> _Data in this exercise_
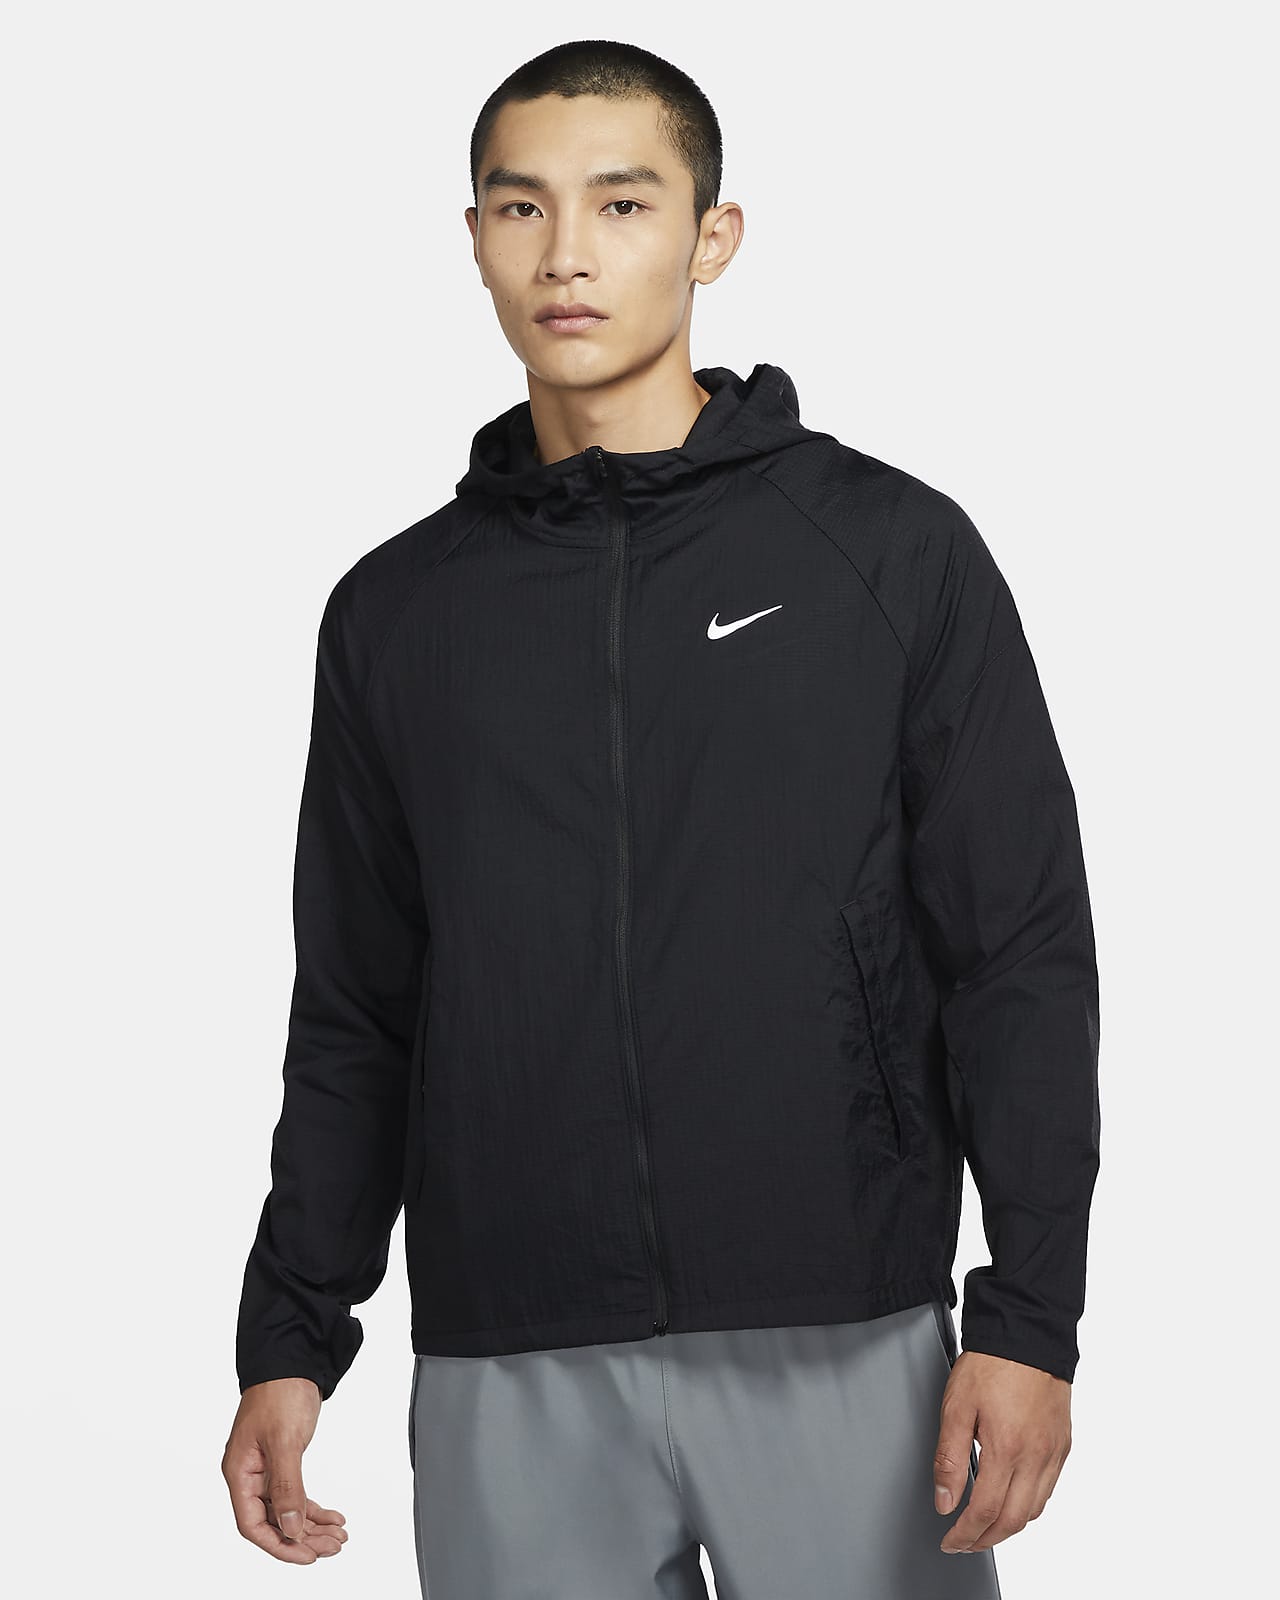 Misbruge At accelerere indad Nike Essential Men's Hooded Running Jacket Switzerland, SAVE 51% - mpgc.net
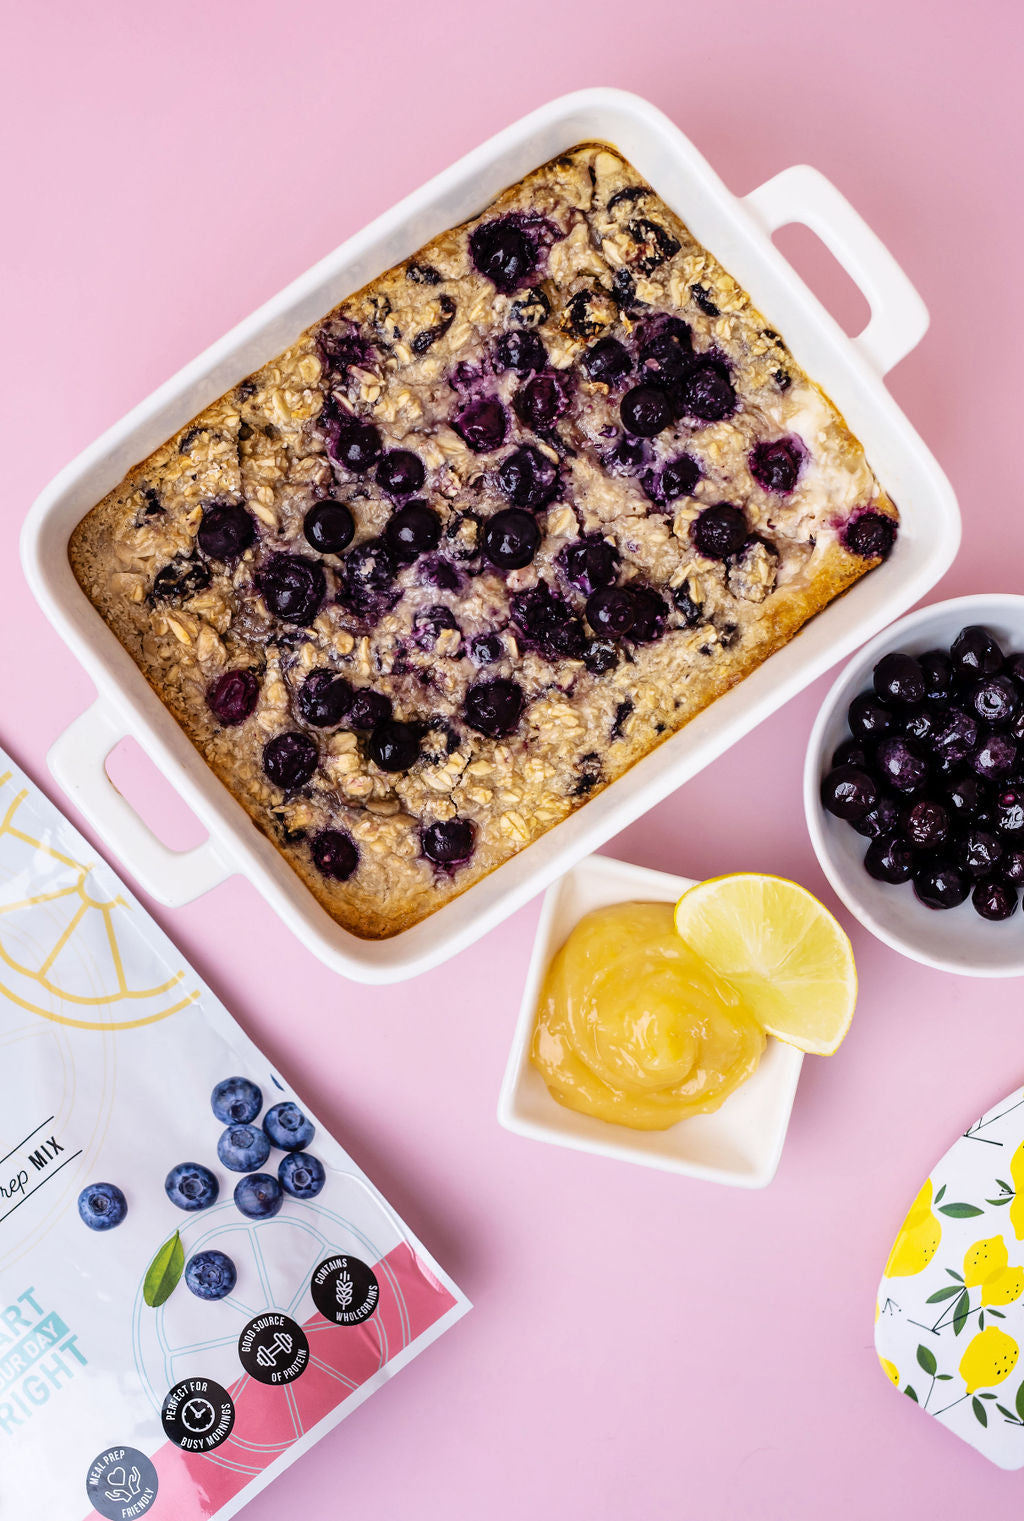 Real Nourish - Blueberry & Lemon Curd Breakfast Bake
...
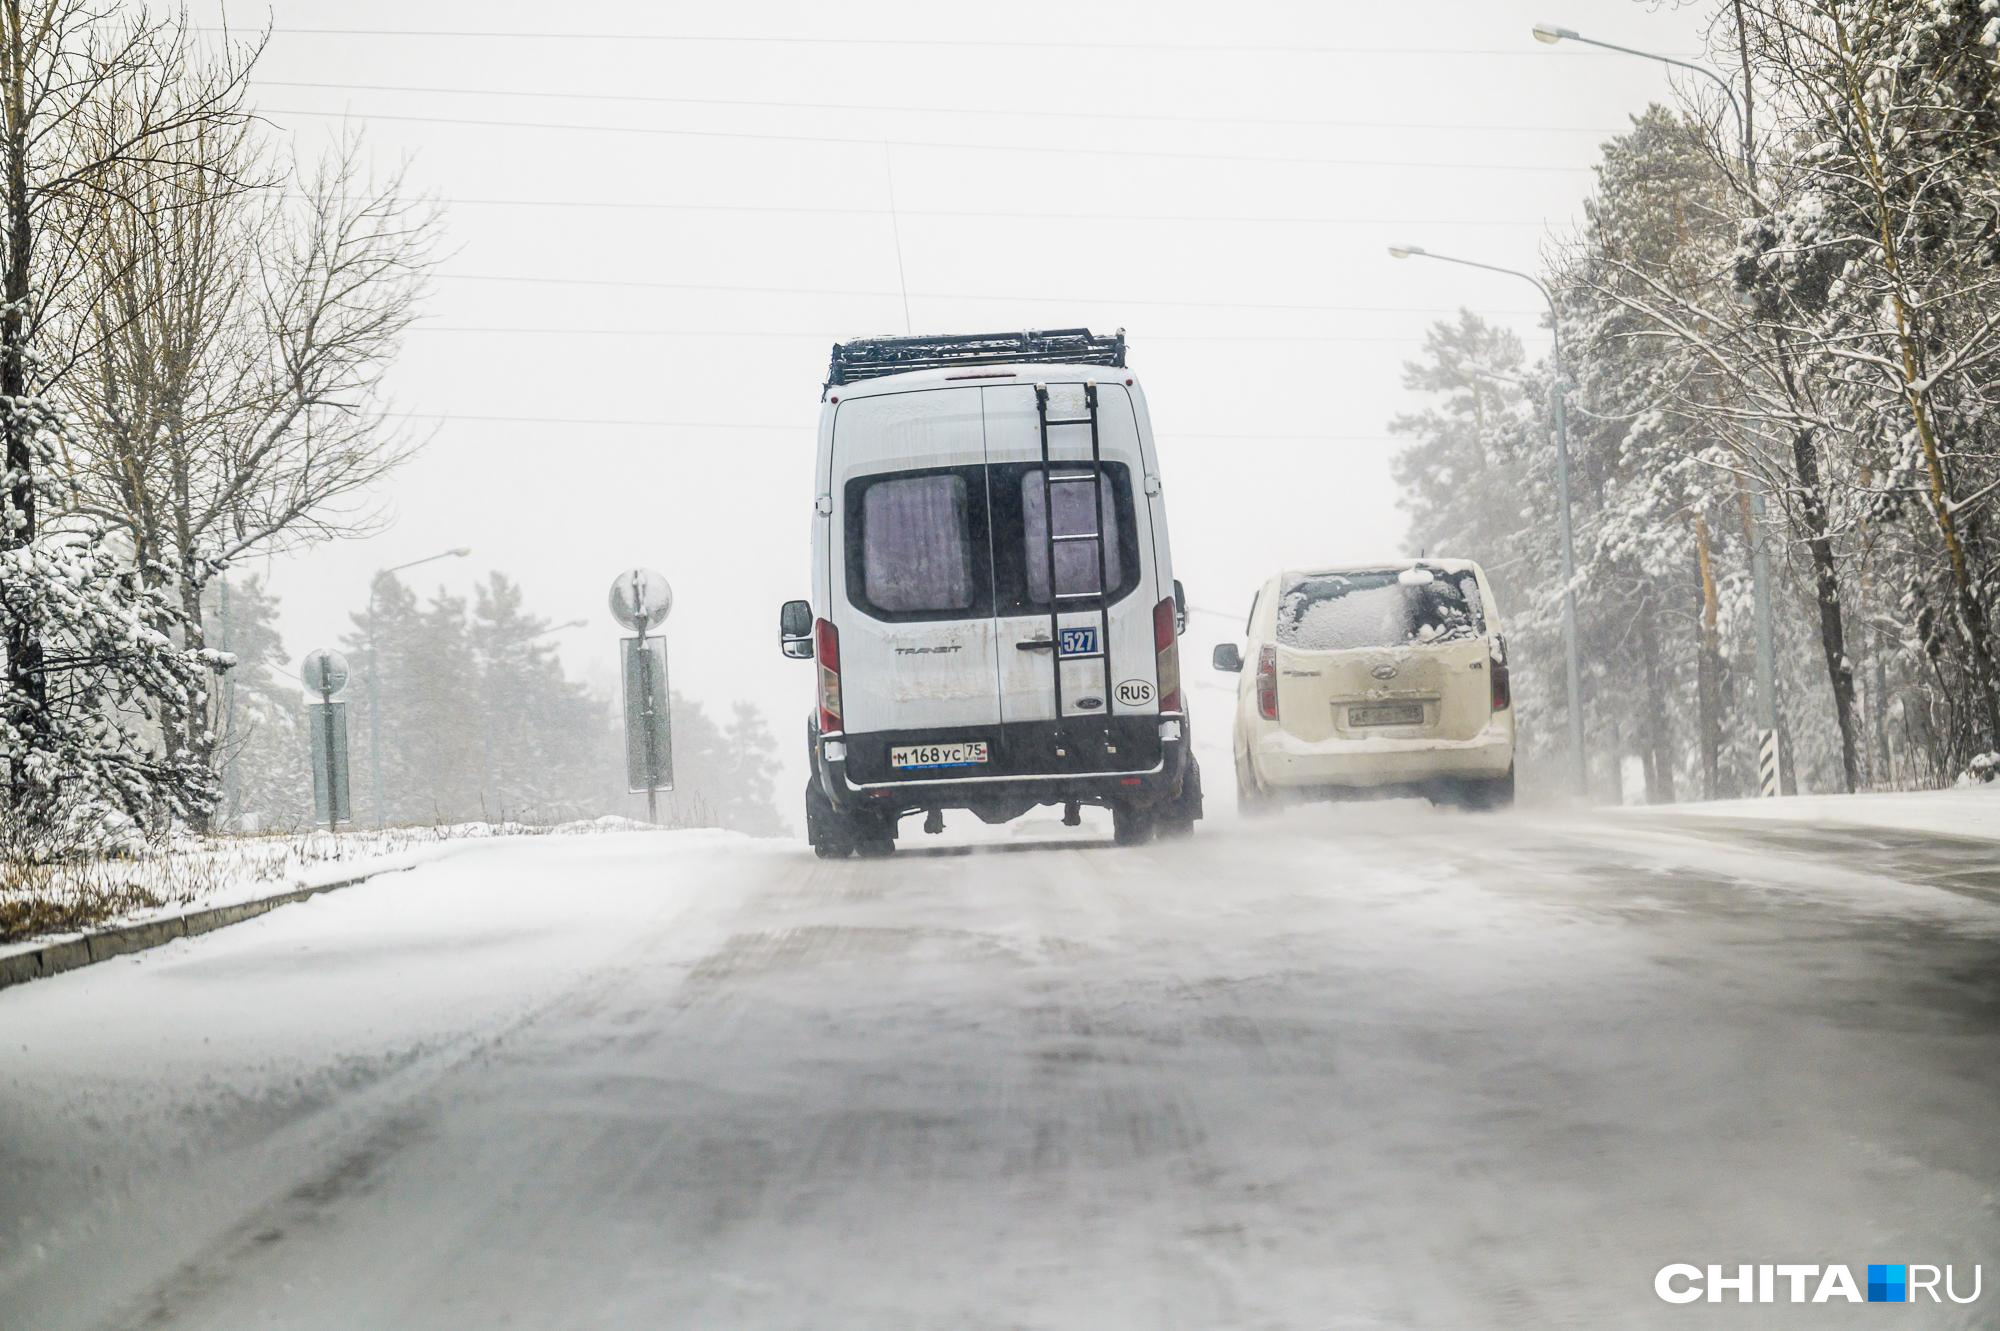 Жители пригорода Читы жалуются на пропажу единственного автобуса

> _Problem details_
Extract from the material above the stretch running from the line containing "Misbruge At accelerere" through the line containing "Real Nourish - Blueberry". Keep the text exact and the pictures out.

> _Answer to this task_
 Misbruge At accelerere indad Nike Essential Men's Hooded Running Jacket Switzerland, SAVE 51% - mpgc.net
 Real Nourish - Blueberry & Lemon Curd Breakfast Bake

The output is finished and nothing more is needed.